Only the lines running from the line with "Solo Pro 為四鏡版本，原廠另外也有推出雙鏡版本可以選擇。" to the end of the listing below should be copied, exactly, without pictures.

*** GIVEN MATERIAL ***

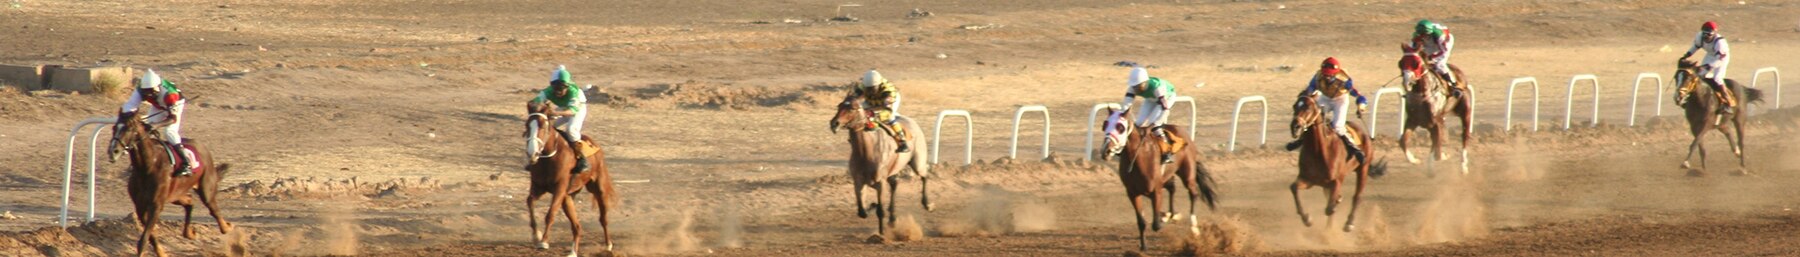 Xartum banner Horse racing.jpg
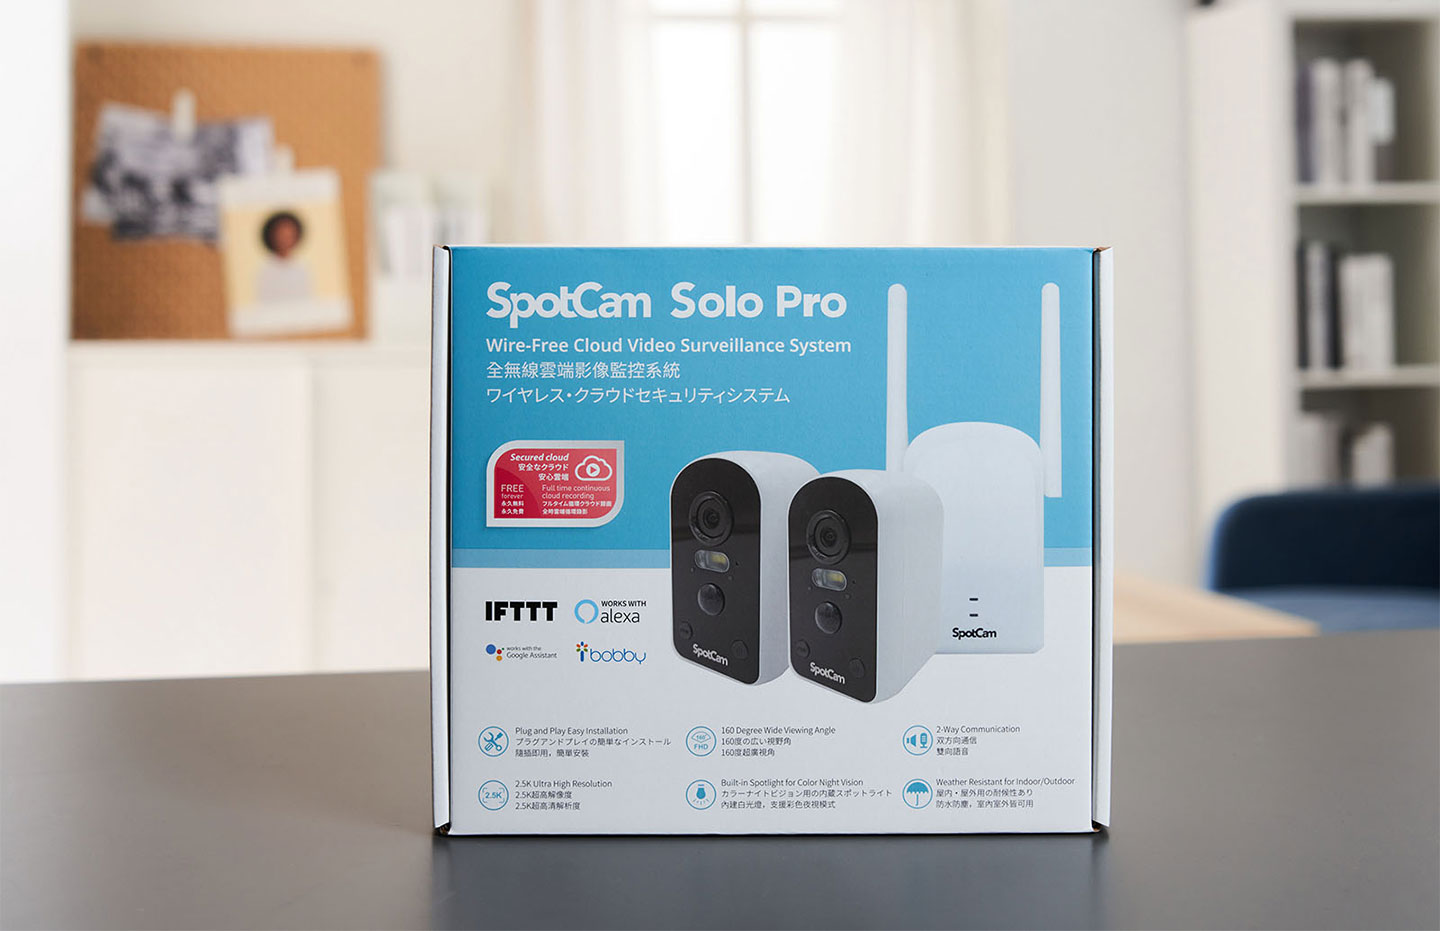 SpotCam Solo Pro 全無線雲端影像監控系統的外箱採用藍、白雙色配，面可以看到攝影機與基站的產品照片，並標示了主打的功能特色。 ▲ 次開箱的 SpotCam Solo Pro 為四鏡版本，原廠另外也有推出雙鏡版本可以選擇。
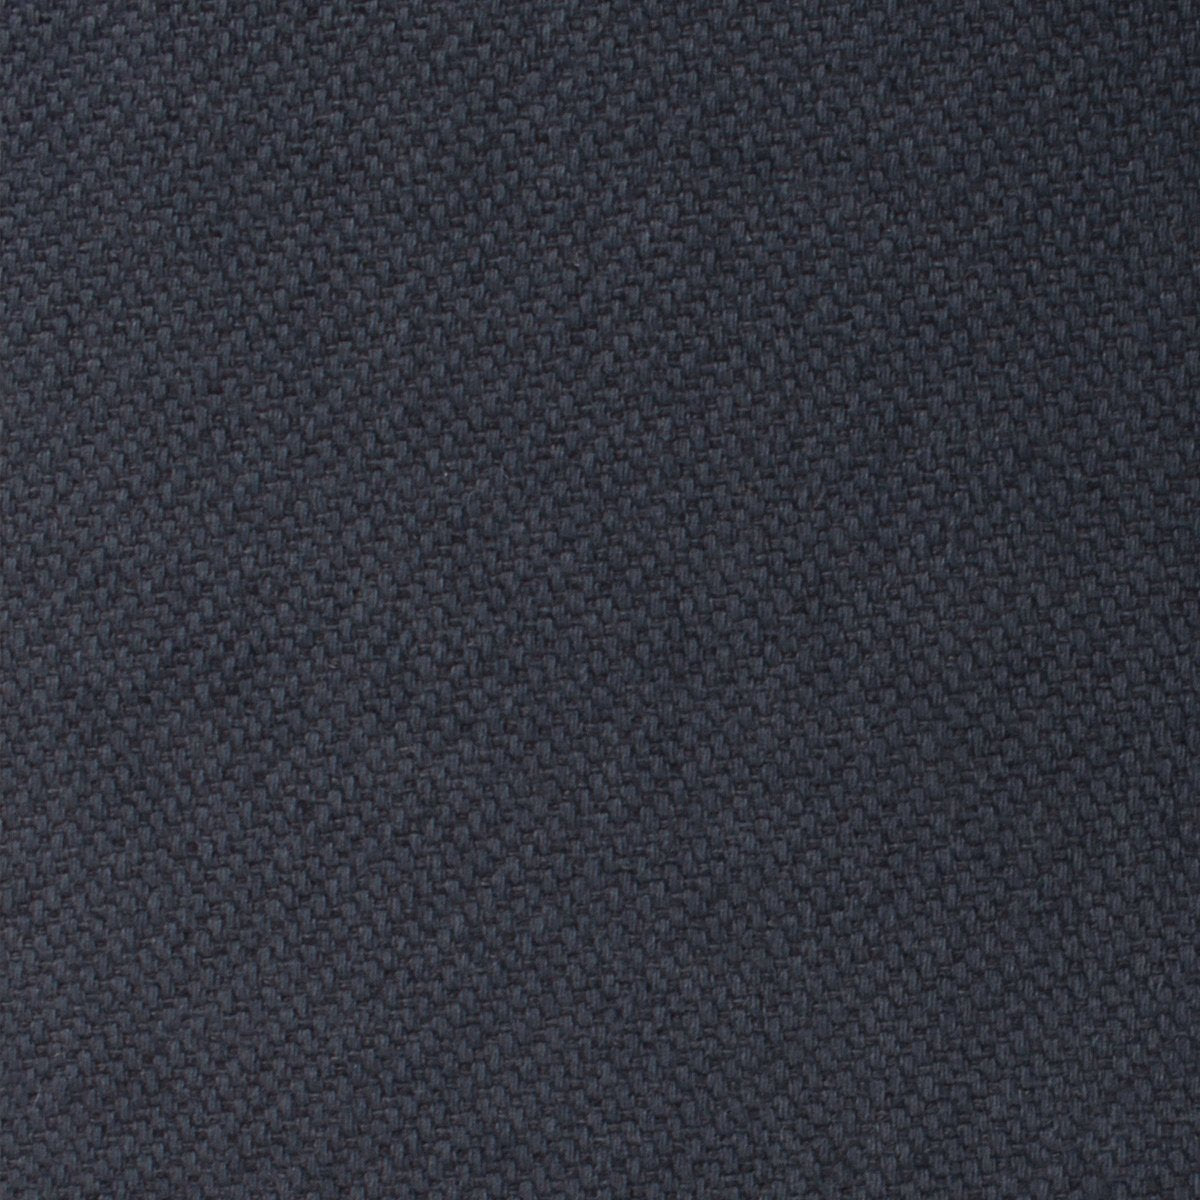 Öland Navy Blue Linen Skinny Tie Fabric

*** End of GIVEN MATERIAL ***

- EXERCISE OUTPUT
 SpotCam Solo Pro 全無線雲端影像監控系統的外箱採用藍、白雙色配，面可以看到攝影機與基站的產品照片，並標示了主打的功能特色。 ▲ 次開箱的 SpotCam Solo Pro 為四鏡版本，原廠另外也有推出雙鏡版本可以選擇。
 Öland Navy Blue Linen Skinny Tie Fabric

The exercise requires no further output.